Elan Corp. plc will be ringing in the new year with another product approval, this time for the snail venom pain product, Prialt.

The FDA approved the drug (ziconotide intrathecal infusion) for the management of severe chronic pain in patients who need intrathecal (IT) therapy, and who are intolerant or refractory to treatments such as IT morphine, systemic analgesics and adjunctive therapies.

It's the second approval in two months for the Dublin, Ireland-based company, which, along with partner Biogen Idec Inc., of Cambridge, Mass., gained an FDA nod in November for the multiple sclerosis drug Tysabri (formerly called Antegren). (See BioWorld Today, Nov. 29, 2004.)

"We've got two Elan innovations approved in six weeks, both in therapeutic areas in which we've focused and which had unmet medical needs," said Anita Kawatra, Elan's vice president of corporate marketing and communications. "Our scientists are excited that patients will benefit from these products. It shows the strength of our pipeline, the strength of our people, and I think it bodes well for the future."

All in all, it's been a good year for Elan, which watched its stock price climb to double digits for the first time since 2002, a year in which the SEC initiated an investigation and the company announced a major restructuring plan. In October, the SEC wrapped up the investigation, and Elan agreed to pay a civil penalty of $15 million with no requirement to restate or adjust its historical financial results or information.

The company's stock (NYSE:ELN) closed Wednesday at $26.70, down 8 cents.

The Prialt approval was based on data from three Phase III trials involving more than 1,200 patients.
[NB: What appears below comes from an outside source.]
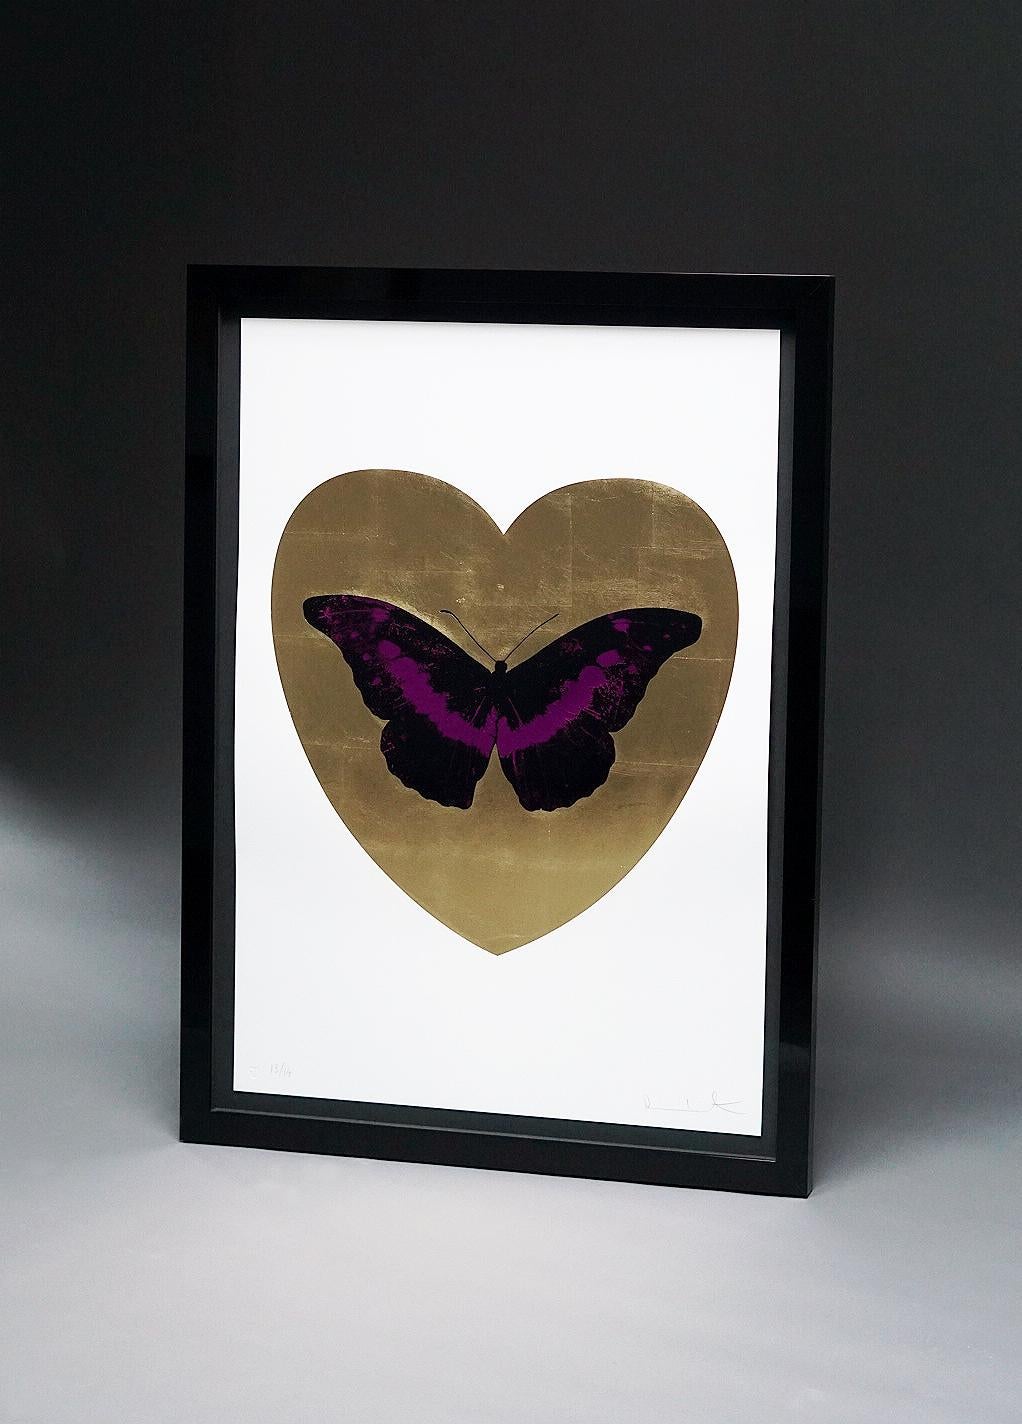 The 'I Love You' Butterfly in Fuchsia and gold color scheme is a limited edition silkscreen print by Damien Hirst. This uplifting and pop art work features a fuchsia and black foil-block butterfly over a gilded 24K gold leaf heart, surrounded by a

The most recent trial was conducted in response to an FDA approvable letter received in 2001. The letter requested additional data using lower doses and a slower titration, which led to a third Phase III randomized, double-blind, placebo-controlled study conducted at 39 U.S. sites in 220 adults with opioid-resistant, severe chronic pain, mostly neuropathic.

Patients in the trial participated for up to nine weeks and were randomized to receive IT Prialt or placebo. The primary endpoint was measured by the Visual Analogue Scale of Pain Intensity score, which at week three showed statistically significant improvement in patients receiving Prialt vs. placebo (p=0.036). The mean dose at week three was 6.9 mcg per day. (See BioWorld Today, Jan. 8, 2004.)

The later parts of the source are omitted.